Activist ‘wall’ thwarting oil exports to countries other than the U.S.
President Trump of course wants to build a wall across the U.S. southern border. Progressives (and some conservatives) have largely stymied President Trump on getting his wall built. Ironically, however, those same progressives have given the president another wall—encompassing Canada, thwarting oil exports to countries other than the United States.
The latest slab—a ruling by a Montana district court judge who called for a halt in construction of the Keystone XL pipeline pending additional analysis of potential environmental and economic impacts. Keystone XL was assumed by many to be a done deal when President Trump approved the project in March 2017.
Apparently done deals aren’t that done if you run into an activist judge.
Alberta’s economy, while nearly back to pre-recession levels in some ways, continues to plod along laboriously compared to previous economic boom times.
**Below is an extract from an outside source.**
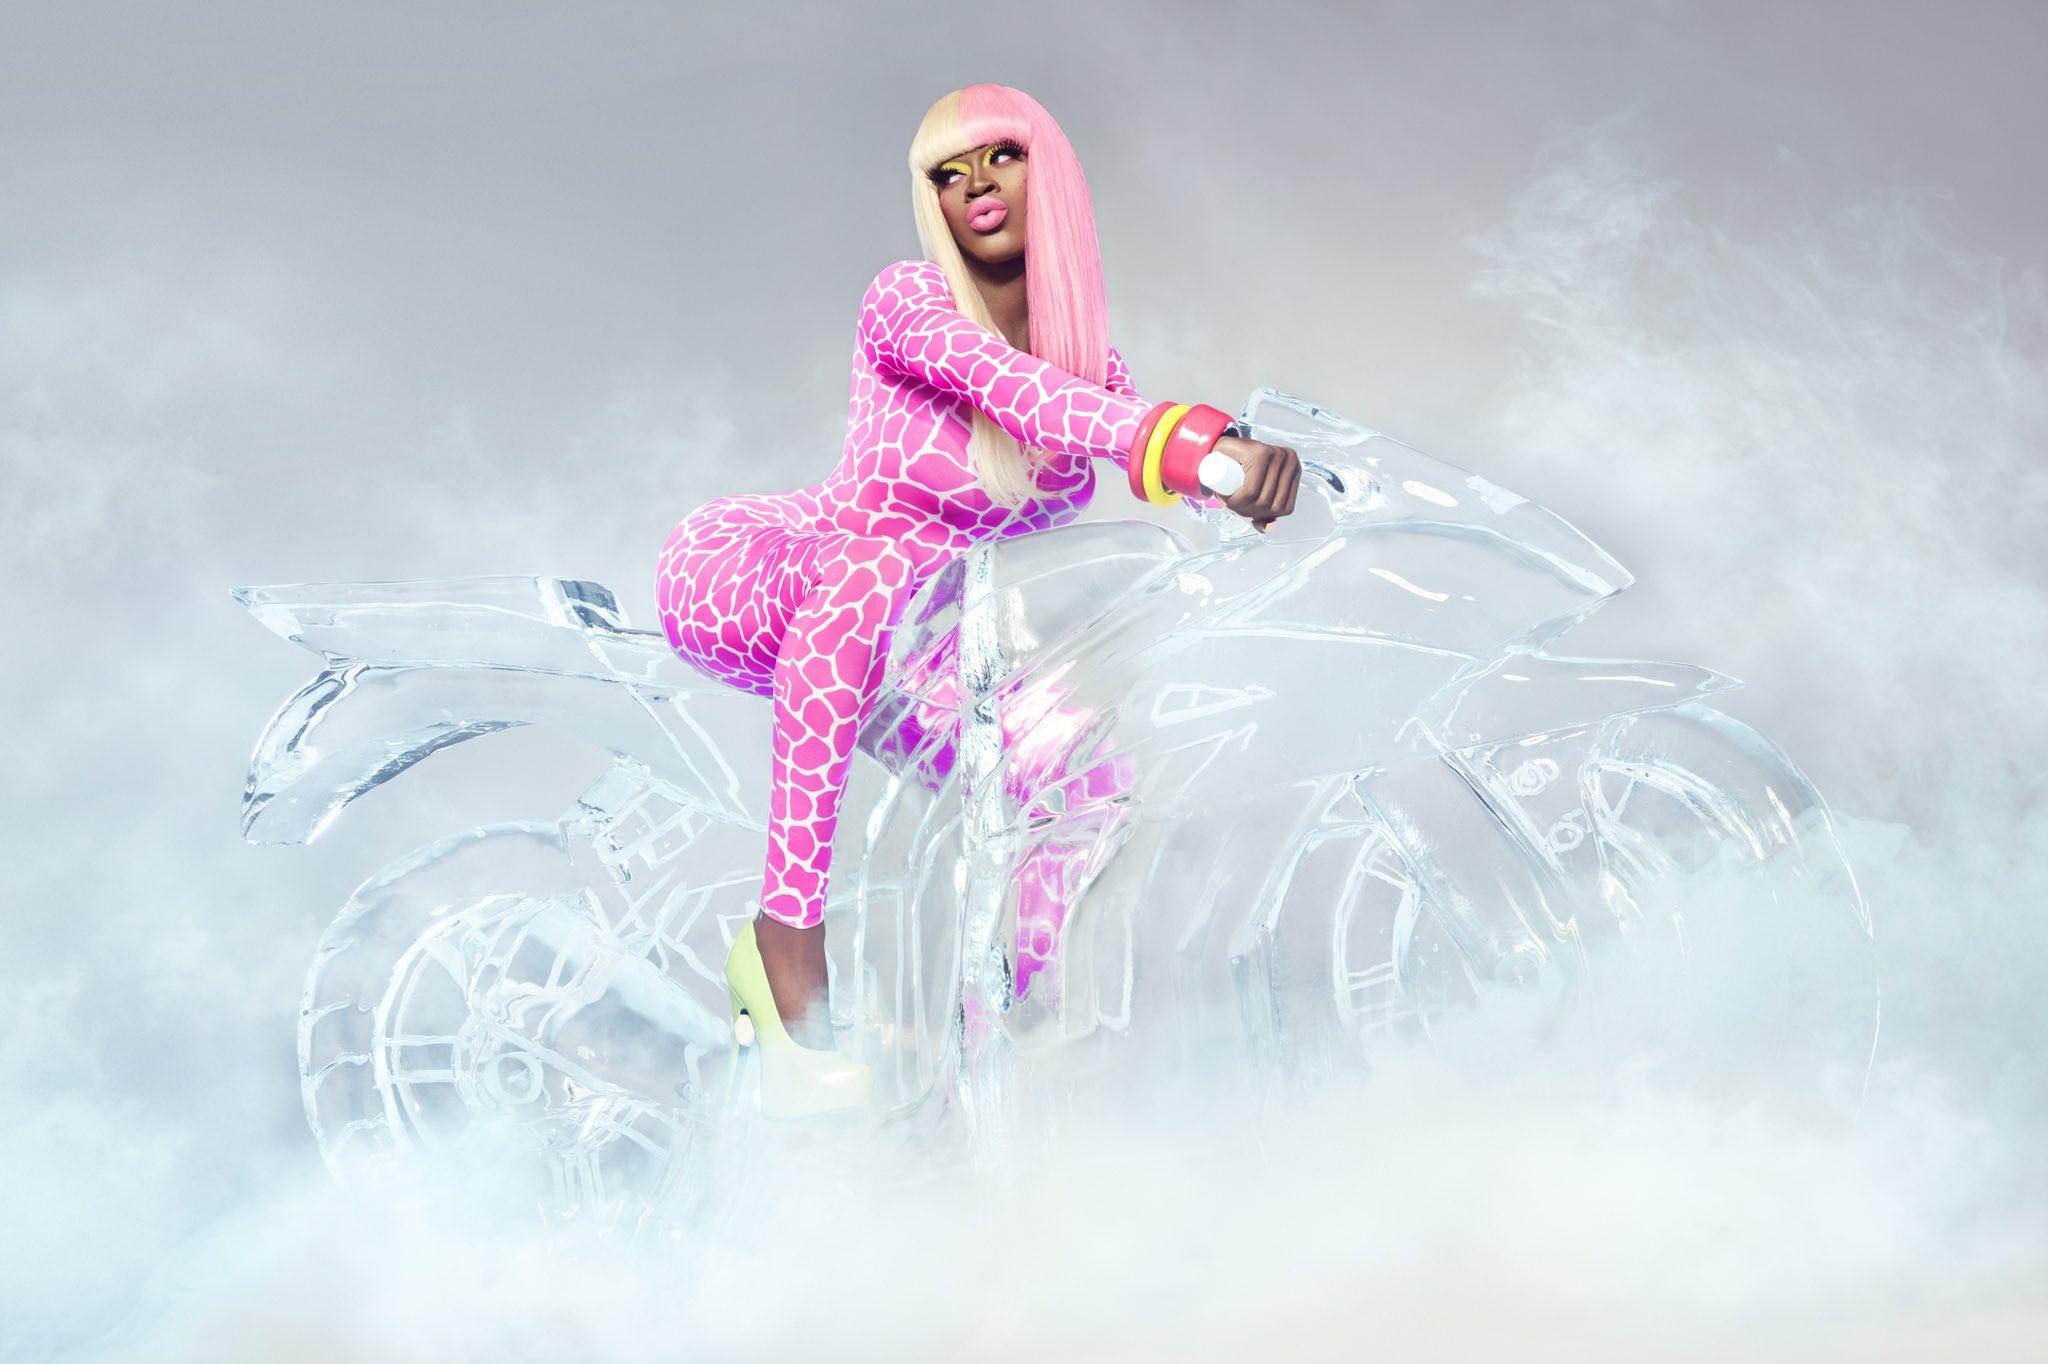 Lil Nas X transforms into Nicki Minaj for Halloween

World oil prices plummeted in 2014. But limited pipeline capacity, which leads to Canadian oil producers getting a depressed price for Canadian oil, exacerbated Alberta’s economic woes.
In fact, several metrics indicate that oil and gas investment in Alberta is in steep decline. According to a report by the Canadian Association of Petroleum Producers, capital investment in Canada’s oil and natural gas in 2017 was $45 billion, down 44 per cent since 2014, before oil prices collapsed.
The latest Keystone XL decision can only make things worse. Investors were banking on the Keystone XL’s 830,000 barrels of new capacity coming online to relieve some of the pipeline bottlenecks facing Canada, which each year rob Canadians of billions of dollars because we must sell our oil into the glutted U.S. market at severely discounted prices compared with the world oil price.
Two things stand out in reporting of the Montana judge’s decision. First, he ruled that the U.S. State Department (under then-President Obama) did not conduct a sufficient review of potential environmental damages including potential long-term harms caused by climate change. Yet in 2014, the State Department reported that Keystone XL would produce fewer greenhouse gas emissions than transporting that same oil by rail to the Gulf of Mexico.
Moreover, according to Reuters, the judge said the State Department’s analysis “failed to fully review the effects of the current oil price on the pipeline’s viability, nor fully model potential spills and offer mitigation measures.” The first part of this statement is somewhat absurd. As a timeline of the Keystone XL process shows, the State Department was conducting its review in 2010 when it could not conceivably predict the fluctuations in world oil prices in 2018.
Crucially, this ruling suggests that when one proposes a project, one must maintain a running economic and environmental analysis—no matter how long a project is delayed by obstructionists. The cost of that, added onto everything else pipeline obstructionists can muster, may be the last slab in the wall.
The delay of Keystone XL, likely by at least a year, is another blow to Canada and a particularly sharp blow to Alberta. But perhaps one good thing will come from the judge’s ruling. It may well be the last nail in the coffin of “social license,” which is now, quite clearly, unobtainable at any price—anywhere—to build any major oil project. Prime Minister Trudeau is no fan of President Trump’s border wall. Perhaps he should pick up an axe and tear down the activist wall fencing in Canada’s energy economy.